In Palestinian Arabic, the idiom "maa ilak" means "It's none of your business" but that's a "fixed expression" so to speak. As demonstrated above, we normally use "mish" with prepositions ("muu" is used in Jordan.)


----------



## Setwale_Charm

Shukran to all for the explanations. I shall remember them


----------



## MarcB

elroy said:


> Marc, you say "maa" can also be used for participles and prepositions. Could you give some examples? [...]
> A participle is simply a type of adjective:
> 
> My food is not burnt. - Akli muu/mish ma7ruu2.



If you say "My food was not burned" (i.e. "did not get burnt") the participle is no longer an adjective but part of a verb phrase so you would use "maa": "Akli maa n7ara2 / man7ara2esh."

Prepositions: maa andi sahn  maa fii kersi.


----------



## elroy

> If you say "My food was not burned" (i.e. "did not get burnt") the participle is no longer an adjective but part of a verb phrase so you would use "maa": "Akli *maa* n7ara2 / *ma*n7ara2*esh*."


Did you not read my post fully? These constructions do not contain a participle in Arabic but a normal verb. 


> Prepositions: maa andi sahn maa fii kersi


 These structures technically contain prepositions but they are "verb substitutes," if you will. It would have been more precise to say that "maa" is used for verbs and a few other non-verbal constructions that function as "verb substitutes." Simply stating that "maa" is used with prepositions can be misleading.


----------



## MarcB

Elroy I agree mentioning them or not can be misleading. Anyway that is how it is presented in books.


----------



## elroy

That's why this forum is so much better than books!


----------



## Nikola

*[Moderator note: New thread added to the previous one. Cherine]*

Which dialects use the sh for a negation and which do not?
ma...... or ma....sh and mu or mesh.


----------



## elroy

Negation in Palestinian Arabic:

Present:

baru7esh
mabaru7esh
maa baruu7
Past:

maru7tesh
maa ru7et
Future:

mish ra7 aruu7
maa ra7 aruu7


----------



## Abu Rashid

The Palestinian dialect is a little more freeform about how you can negate. Egyptian dialect uses just one standard form (as far as I'm aware).

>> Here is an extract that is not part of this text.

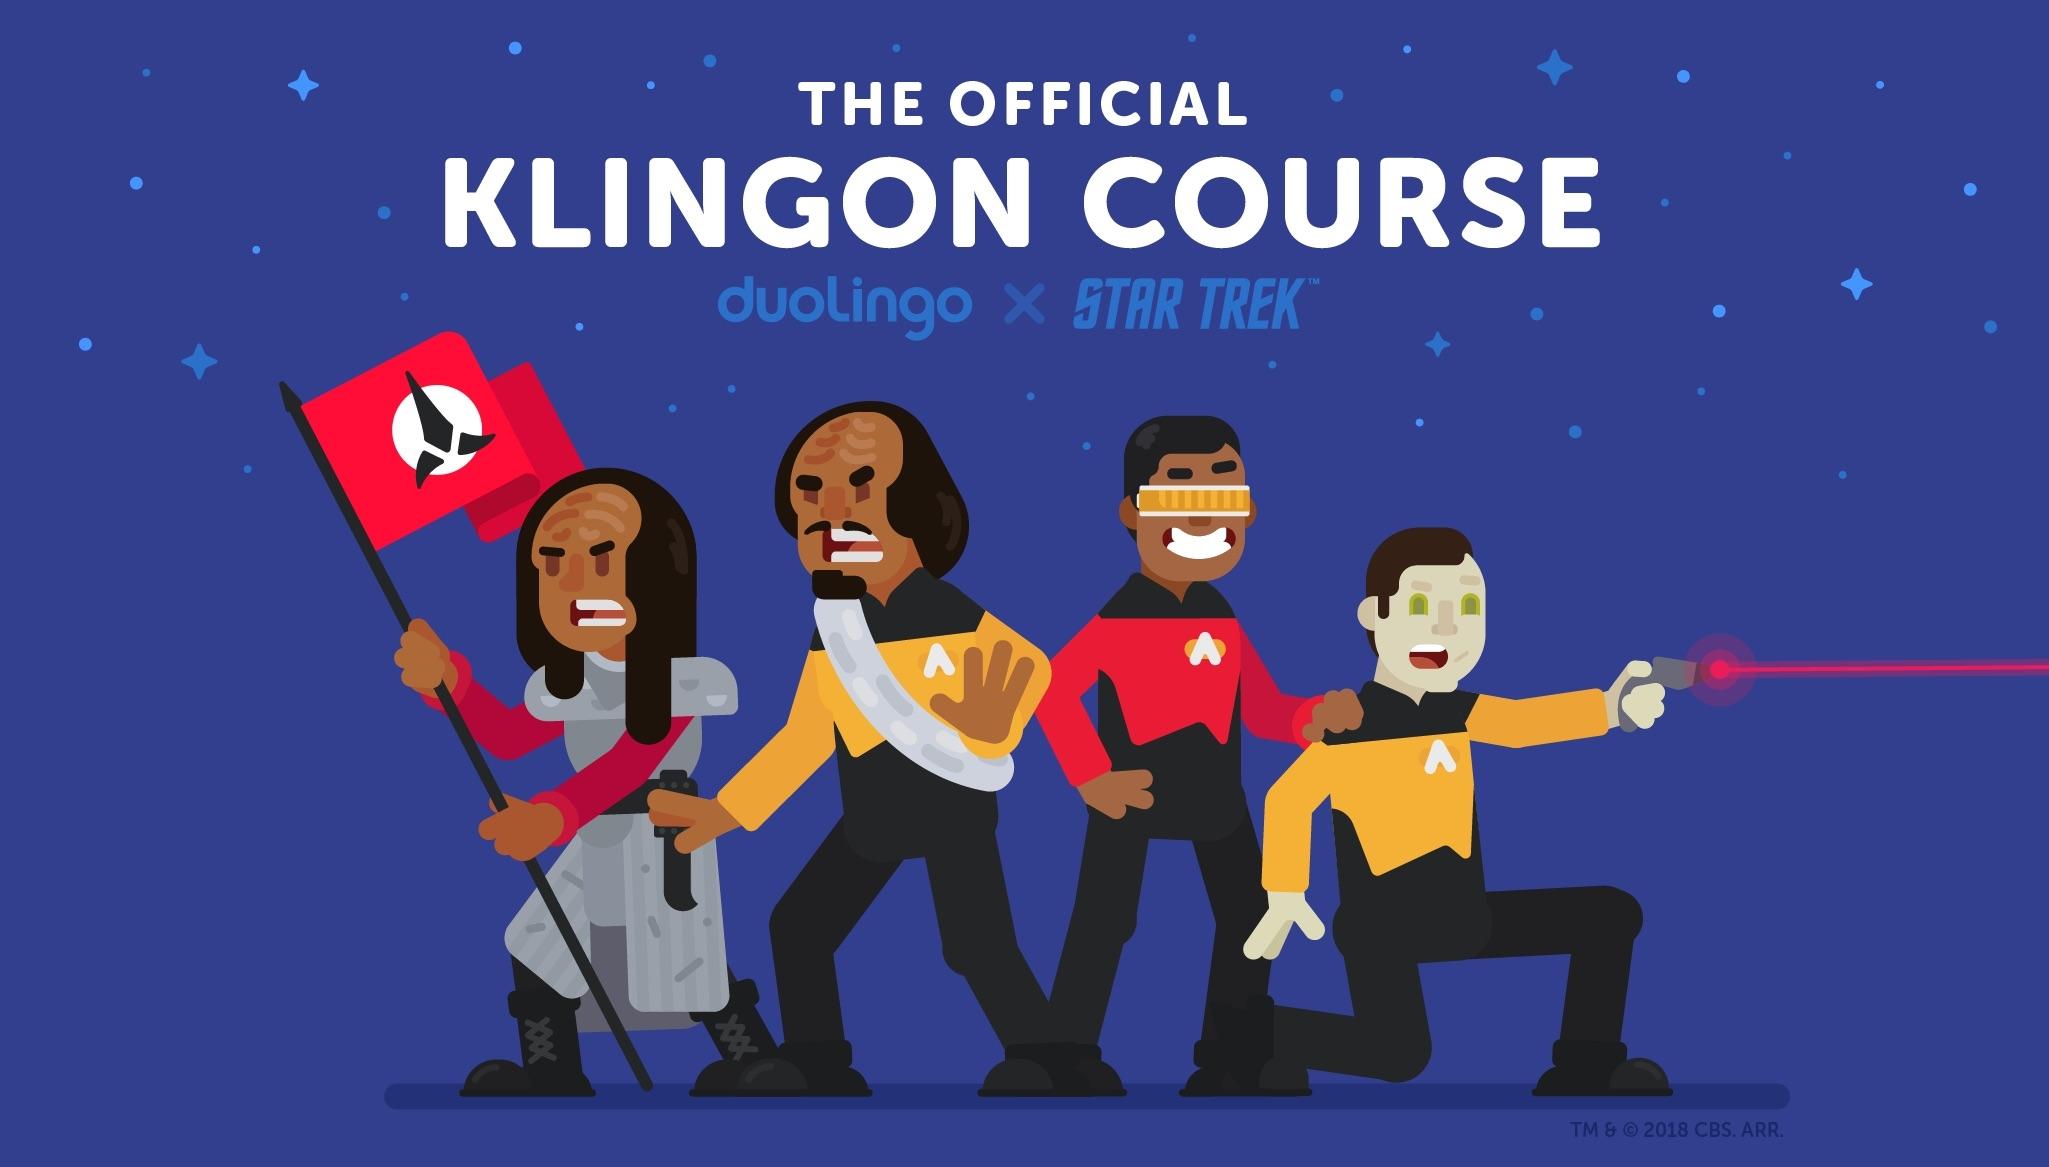 Онлайн-сервис Duolingo запустил курс изучения клингонского языка из сериала Star Trek

Here's an example using the stem for the verb for "writing"

Past: ma katabt esh
Present: ma baktub esh
Future: mish ha2ktub


----------



## Tariq_Ibn_zyad

Nikola said:


> Which dialects use the sh for a negation and which do not?
> ma...... or ma....sh and mu or mesh.



As a general rule

Middle-Eastern and Gulfic use maa,muu,maahu..etc never with "sh"
and ma........(except Palestinian,and Jordanian Palestinian)

African Countries(Egypt,Lybia,Tunisa,Algeria,Morocco...)+Palestinian populations(Palestine+Jordan)
mush,mish,mash,mashi,mashshi and ma.......sh


----------



## MarcB

Nikola, Hassaniyya from Mauritania does not use the sh.


----------



## Nikola

In some Yemeni dialects ma alone is the neg. in some ma......sh is and some use the sh alone as optional.  I believe Palestine does the same in some dialects,is that correct?


----------



## Mahaodeh

Yes, I've heard all three from Palestinians, example: ما بَكْتُب - بَكْتُبِش - ما بَكْتُبِش


----------



## elroy

Mahaodeh said:


> Yes, I've heard all three from Palestinians, example: ما بَكْتُب - بَكْتُبِش - ما بَكْتُبِش


  Correct.  When both are used, the vowel in ما is shortened, so it would actually be pronounced مَبَكتبش.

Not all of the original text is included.